The Only Time You're Allowed to Root for Bobby Bowden
Right now, Penn State and Alabama are close enough in the human polls that the statistical polls - which have Alabama a universal #2 and Penn State a universal #3 - are the deciding factor between the two. Switch the statistical ranking portion for the two teams, and Penn State comes out ahead.
People around the country are saying "there's no way that would happen." Don't believe them - they're wrong. The Big Ten is not nearly as weak as people tend to claim, but probably more importantly, the SEC is not nearly as strong as people tend to think. The Big 12 is pretty clearly the premier conference this year, and so I won't even suggest that Penn State could end up ranked over Texas due to weird flukes. Won't happen.
But it is possible for Penn State to end up ranked over Alabama, but it will require a few things to happen - the combination of all of which is probably unlikely, but possible.
Remember one very important thing: statistical polls have no inertia (Billingsley omitted for insanity reasons). Alabama does not have to lose to move down - what has to happen is that their opponents have to lose. So, I mentioned in the first installment of IDS that good teams are pinned most by their best wins. So, how can we imagine Alabama's best wins eroding? Mainly by eroding the SEC as a whole, since Alabama's strength (much like any BCS team) is in the conference's strength. But there are a few teams Alabama's disconnected to.

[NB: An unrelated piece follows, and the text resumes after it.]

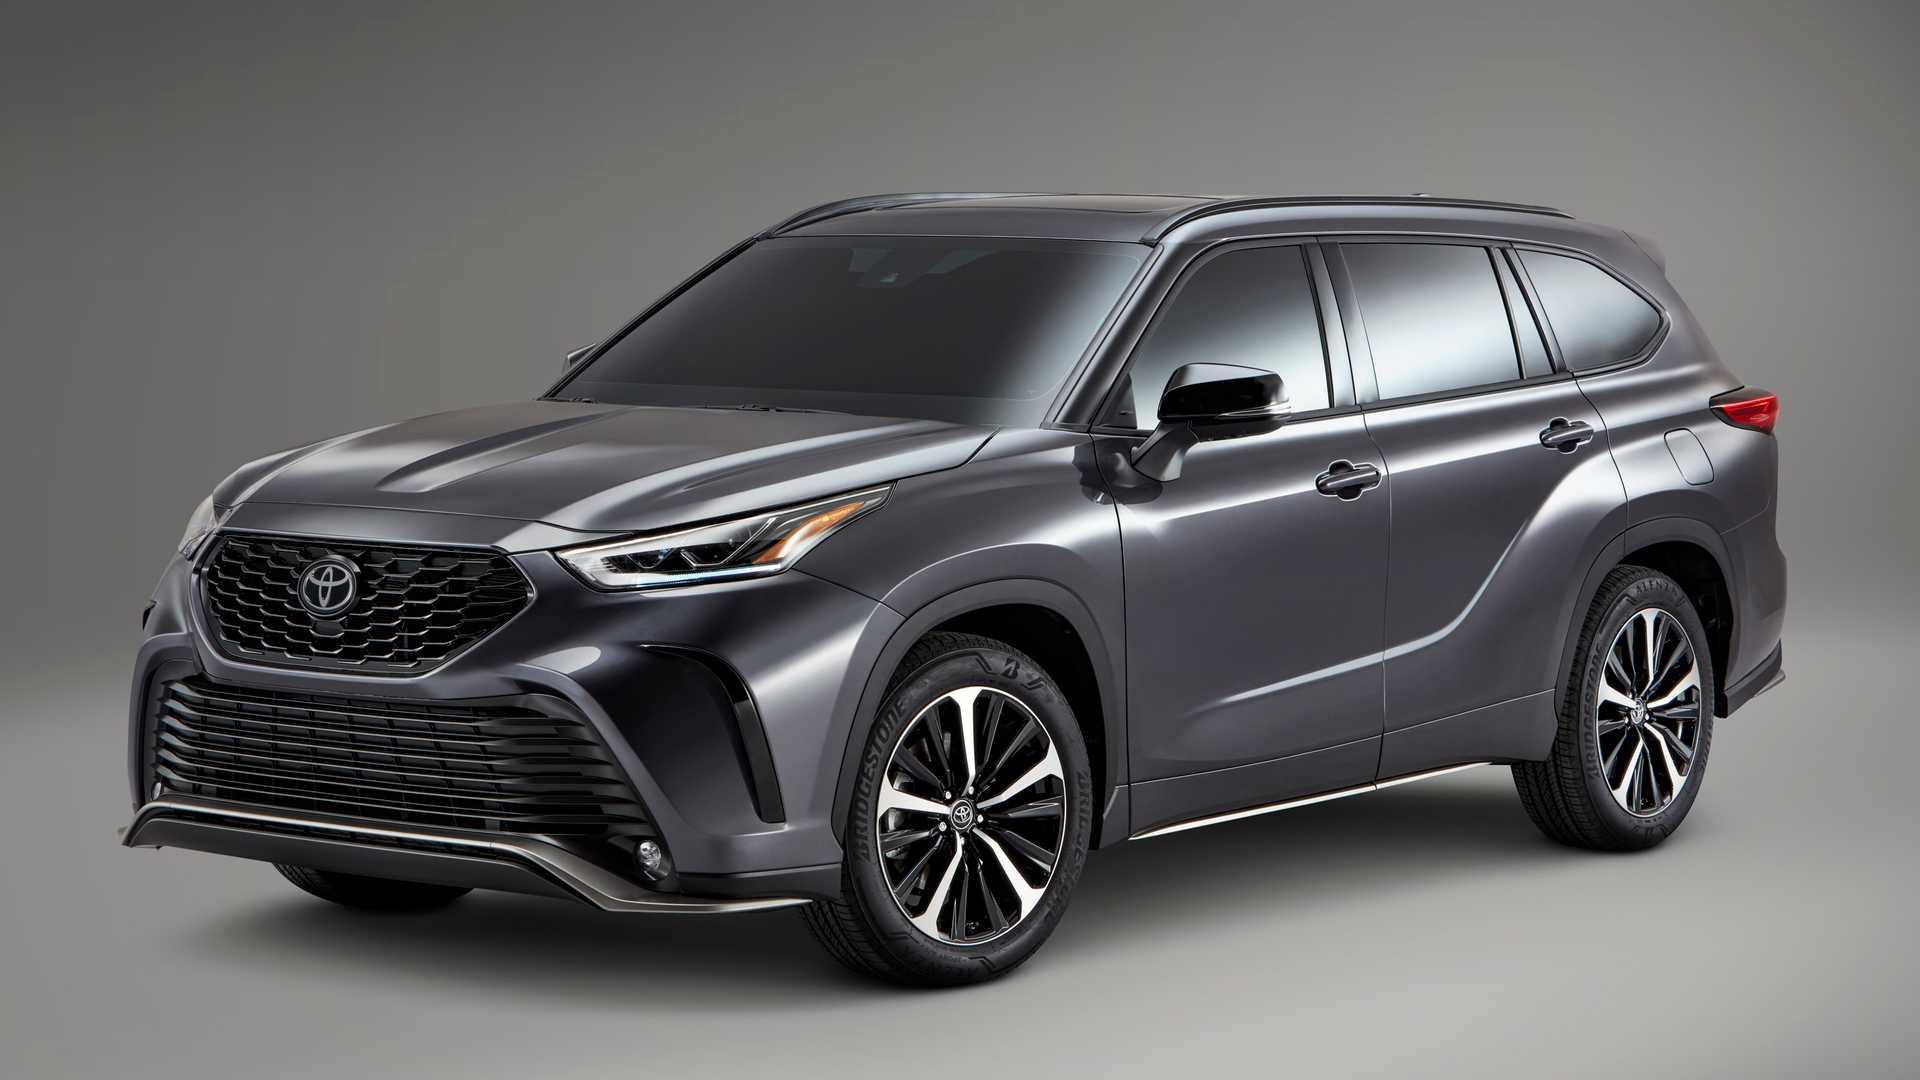 Toyota Highlander XSE 2021 hoàn toàn mới, đậm chất thể thao - 12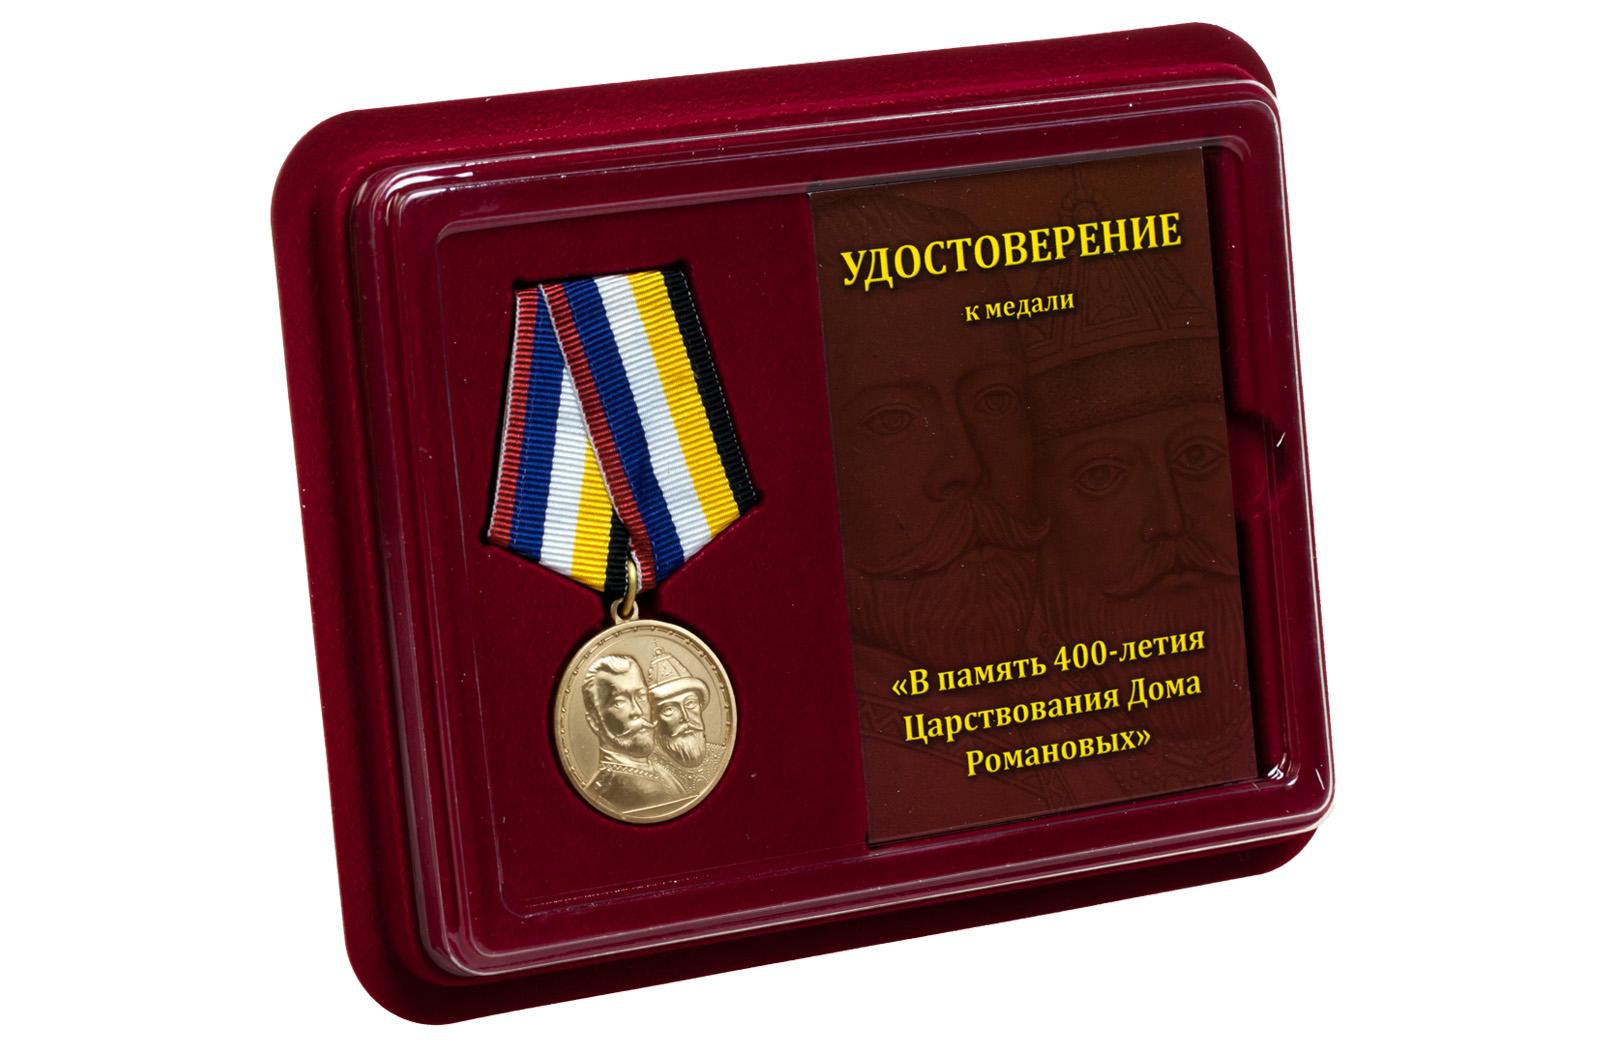 Купить юбилейную медаль 400 лет Дому Романовых онлайн

This is just one possibility. Hopefully you can see the pattern:
- Georgia losing to Florida.
- Florida State beating Florida.
- Vanderbilt beating Kentucky.
- Georgia Tech beating Georgia.
Florida State's actually very important, since Florida's the most likely opponent for Alabama. One other thing you might note here: all of these wins are plausible. I'm not suggesting the Citadel beat Florida or something stupid. Georgia Tech is a borderline Top 25 team, FSU is a Top 25 team, Vanderbilt and Kentucky are about the same, and Georgia/Florida are both Top 25 teams.
But in addition to that, we can also boost Penn State's wins and possible future wins:
- Oregon State beating Oregon and Cal: this would put them in the Top 25, and suddenly our out-of-conference schedule is much stronger than Alabama's.
- Ohio State winning out: Northwestern is still a decent team, and winning out would likely put them in the top 10.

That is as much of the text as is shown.